• _ASSIGNED TASK_:
Write out every line below again exactly as it stands, skipping each image.

• _DATA_:
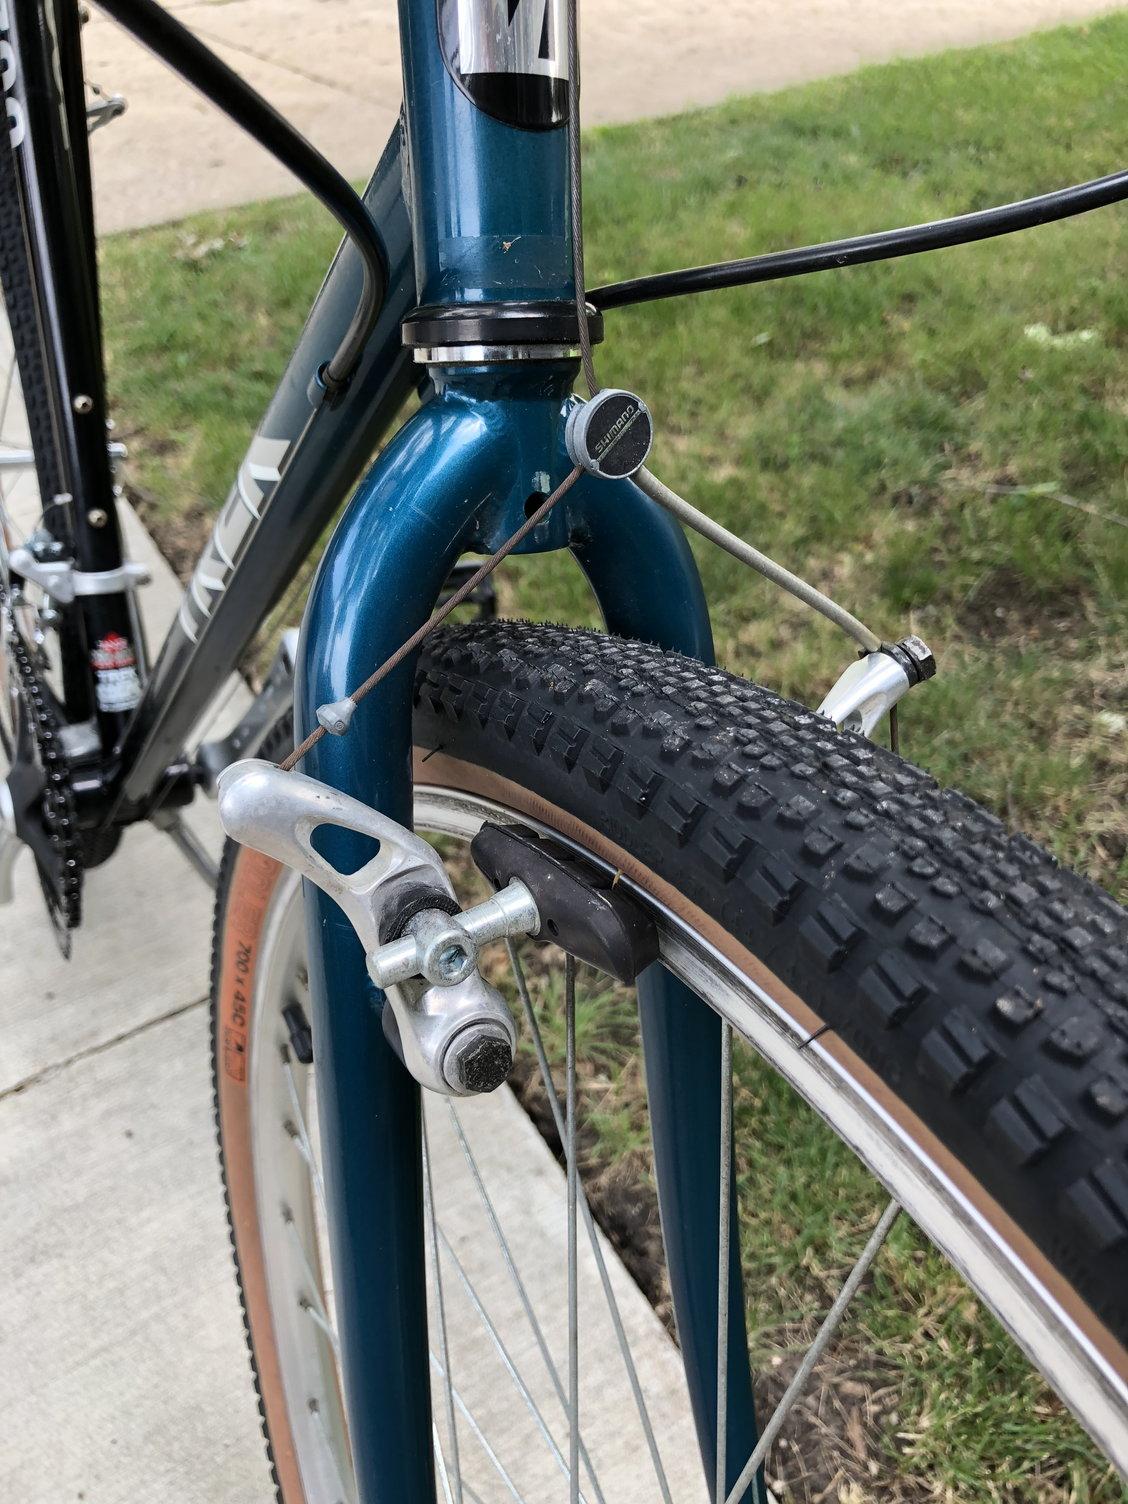 Show your Trek Multitrack! - Page 2 - Bike Forums
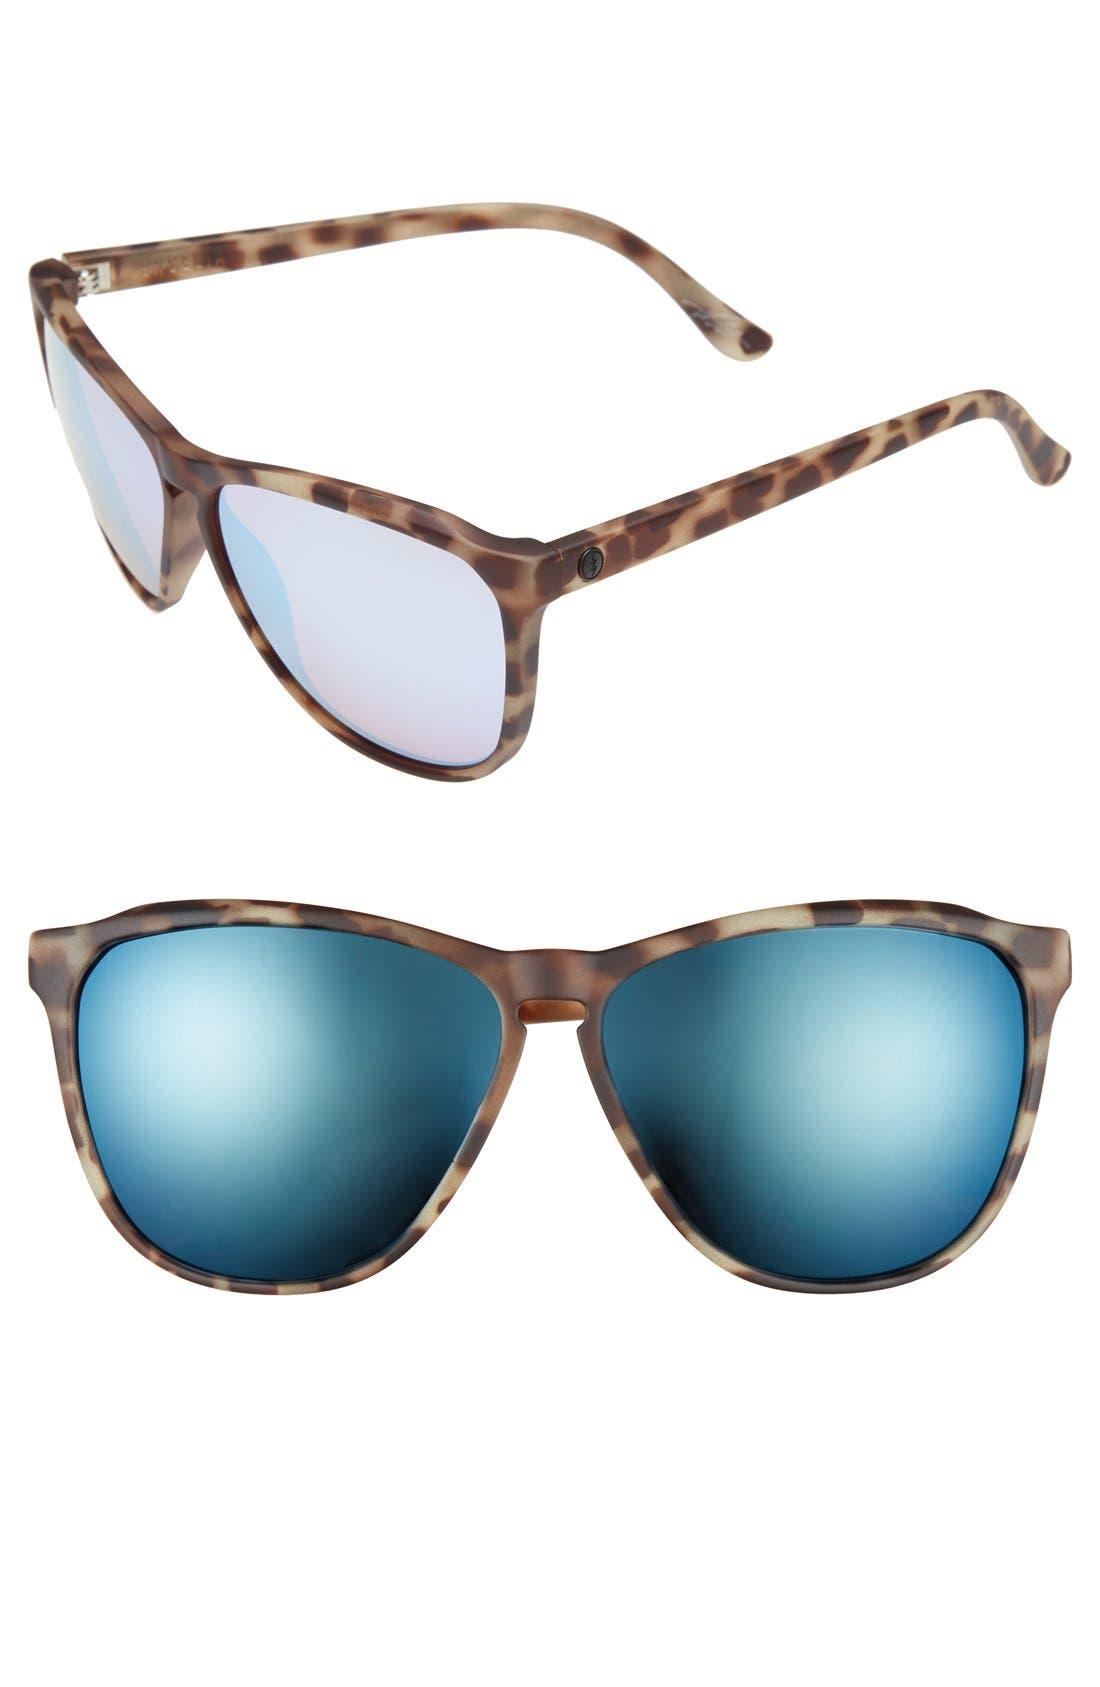 ELECTRIC 'Encelia' 61mm Retro Sunglasses
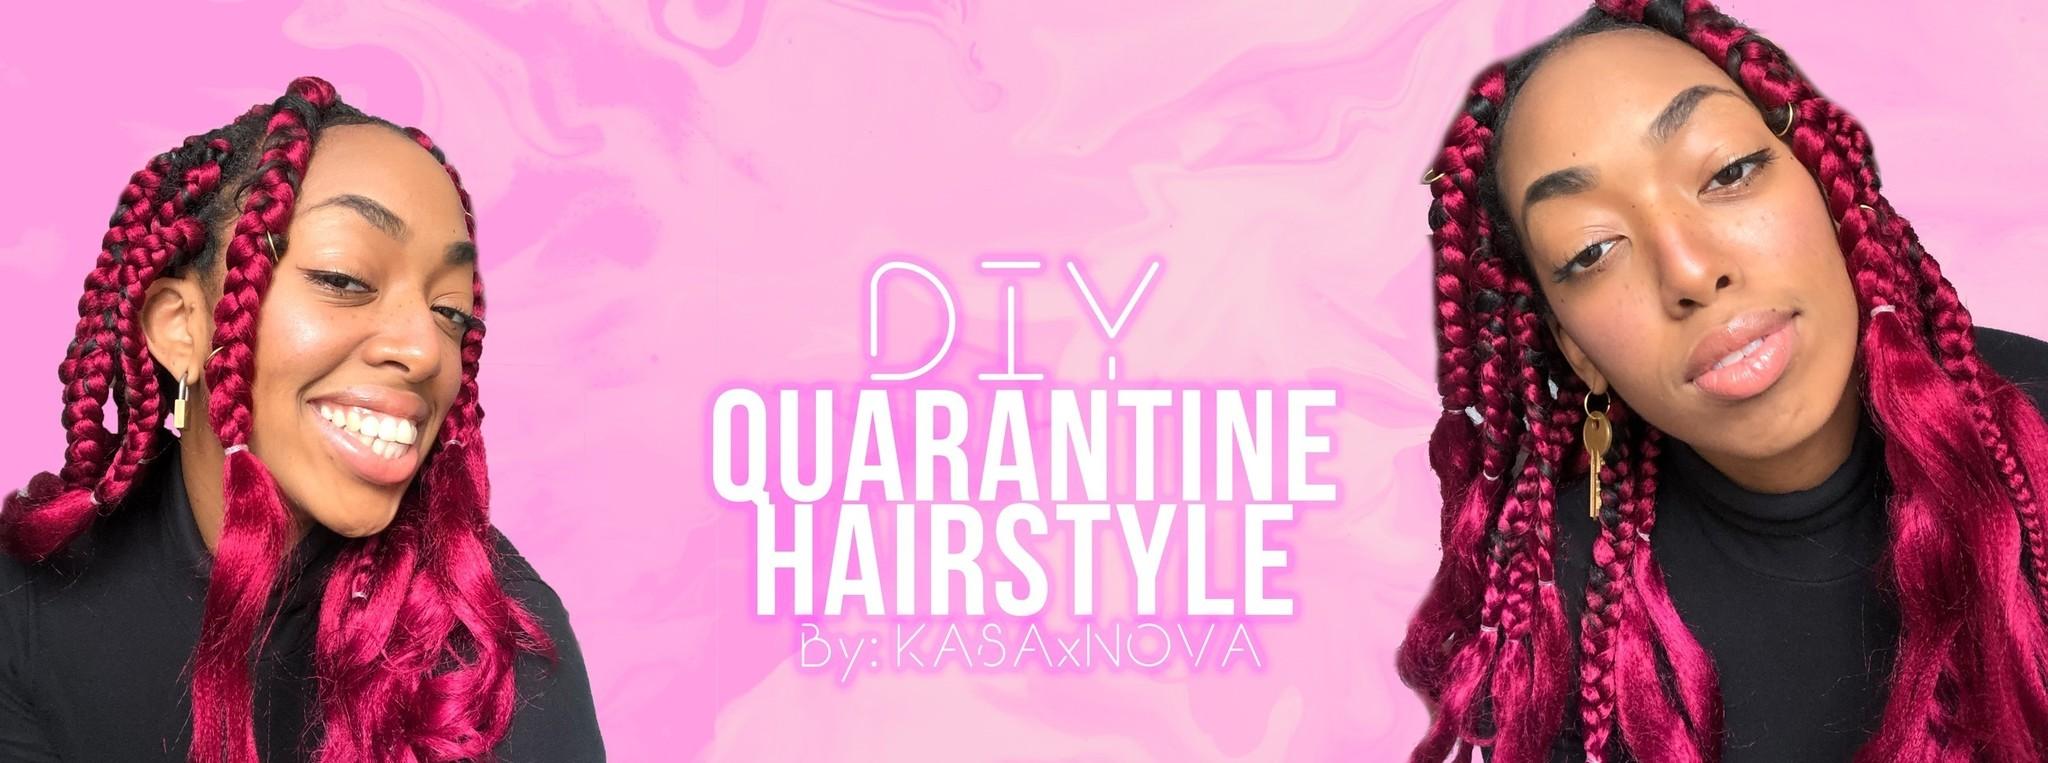 DIY Quarantine Hairstyle

• _EXERCISE SOLUTION_:
 Show your Trek Multitrack! - Page 2 - Bike Forums
 ELECTRIC 'Encelia' 61mm Retro Sunglasses
 DIY Quarantine Hairstyle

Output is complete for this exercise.